I tried to turn the balance knob and it adjusted the balance of channels but
one channel cut the sound suddenly before perfect balance.

The issue was I had used audio pots for balance control
I though I bought linear pots but I made mistake and didn't know until I played a music after total rebuilt.

For who doesn't know difference between audio pots and linear pots.
Linear pot resistance value increase and decrease linearly during turning the knob
Audio pot resistance value increase and decrease exponentially during turning the knob

C20, series of two pots control channel balance.
The right and left channel wires are connected in reverse to each pot.
So, the middle value of each pot should be same to make even balance at the middle position of balance knob.

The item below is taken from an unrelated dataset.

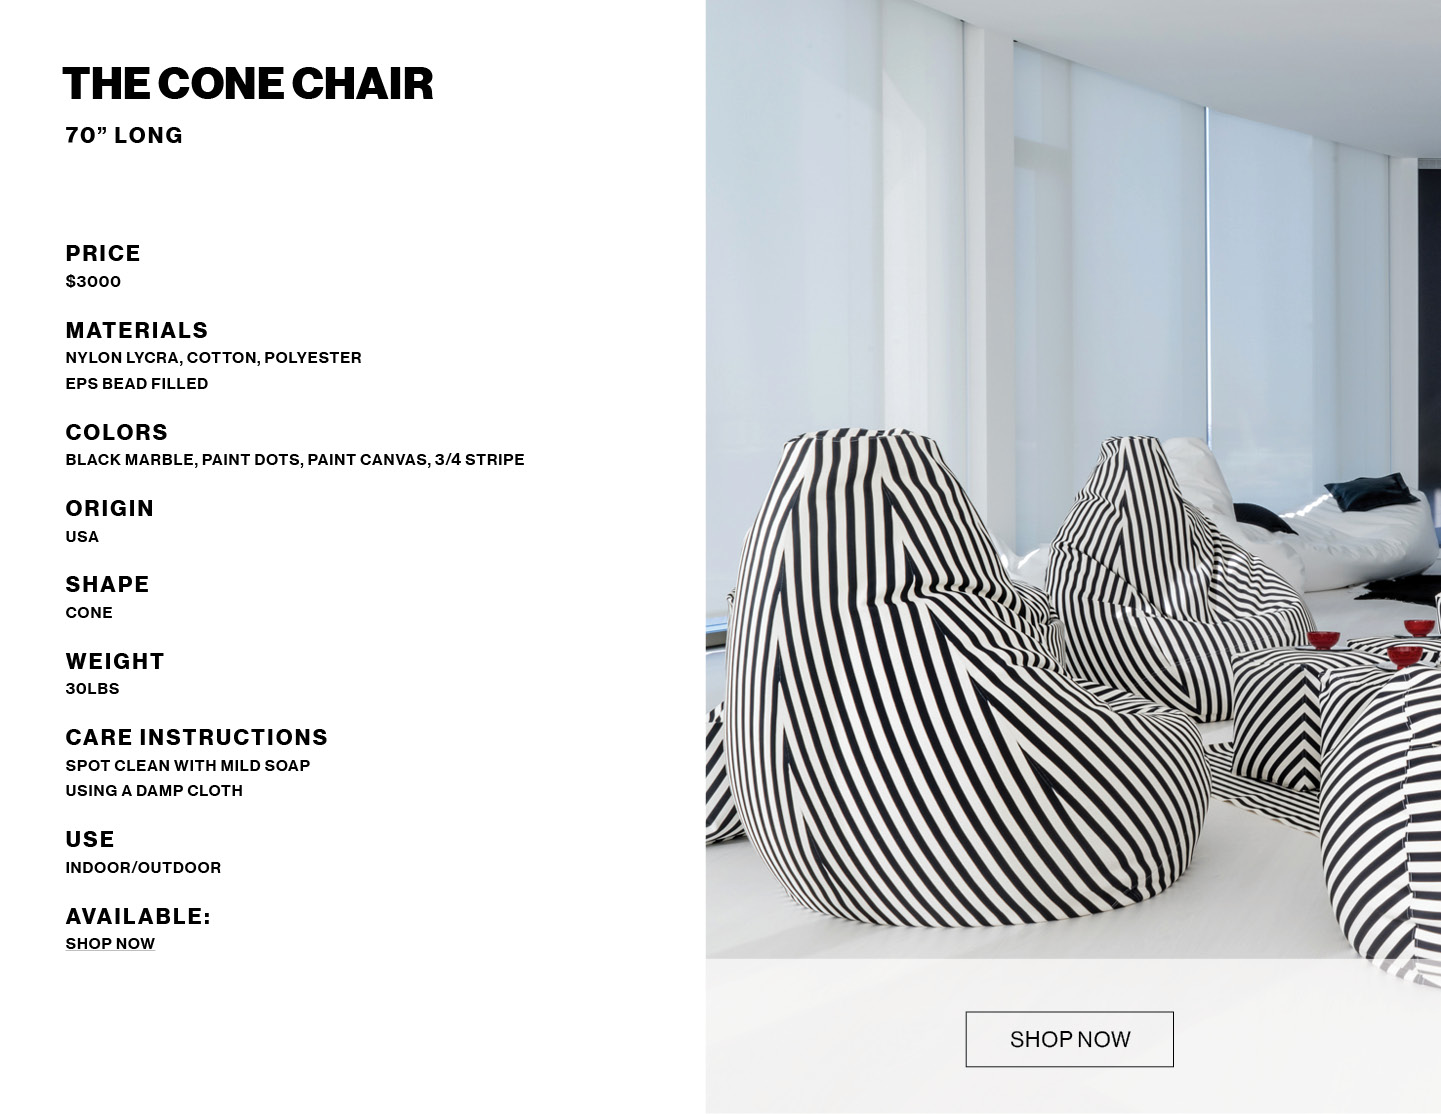 The Cone Chair product info

Middle position of Linear pot has half resistance value of spec but audio pot don't have half value in middle position.
That's the issue.

I am waiting two 500k linear pots to deliver now.
 
It's fairly rare to actually need to replace pots, even in very old equipment, partly because proper cleaning & lube fixes almost all problems and partly because adapting replacement pot's shafts to existing knobs is a major pain. Are you sure you need to do all this? Seems like you started with a noisy pot, most likely only needing cleaning, and have replaced parts shotgun fashion, adding problems along the way. Breathe deep, relax, study the situation?

FWIW, the original CTS pots weren't great (and McIntosh loyally stayed with them until the model C32 era, mid 1970's, before switching to Alps), but were custom made for the job. Balance controls were made with half tracks lossless and half tapered - no loss at center position.

All good fortune,
Chris
 
It's fairly rare to actually need to replace pots, even in very old equipment, partly because proper cleaning & lube fixes almost all problems and partly because adapting replacement pot's shafts to existing knobs is a major pain. Are you sure you need to do all this? Seems like you started with a noisy pot, most likely only needing cleaning, and have replaced parts shotgun fashion, adding problems along the way. Breathe deep, relax, study the situation?

FWIW, the original CTS pots weren't great (and McIntosh loyally stayed with them until the model C32 era, mid 1970's, before switching to Alps), but were custom made for the job. Balance controls were made with half tracks lossless and half tapered - no loss at center position.

All good fortune,
Chris

My C20 project started with terrible condition unit.
Rust all over the outside pots and shafts, chassis, chassis covers.
A lot of dust, grimes, rat poops and hays everywhere inside and outside.
When I remove the rust and clean the unit, the chemical cleaning stuff may effect on inside of pot.
I saw partial carbon track has been fallen off from every pot.
I rebuilt them all already with Alpha pots. I only use carbon track pcb from the Alpha pots.
Only problem was to find 300k pots. Current available 300k pot normally has 250kish values.
I used two 250k pots which measured 249and 251k.
Only need to re-do 500k as state above.

Could you please explain more about
"Balance controls were made with half tracks lossless and half tapered - no loss at center position."
means?

I could not quite understand this because I don't have enough knowledge.
I don't wanna make mistake again and re-do.
 
Pots made specifically for use as balance controls had half of each track carbon (lossy) and half metal (not lossy). Of course these were mirror-imaged between the two channels' tracks. Since you have plenty of gain, the 6dB gain loss due to using full-track linear pots won't be a problem. The difference between using 300K and 250K pots is also unimportant. You'll be fine.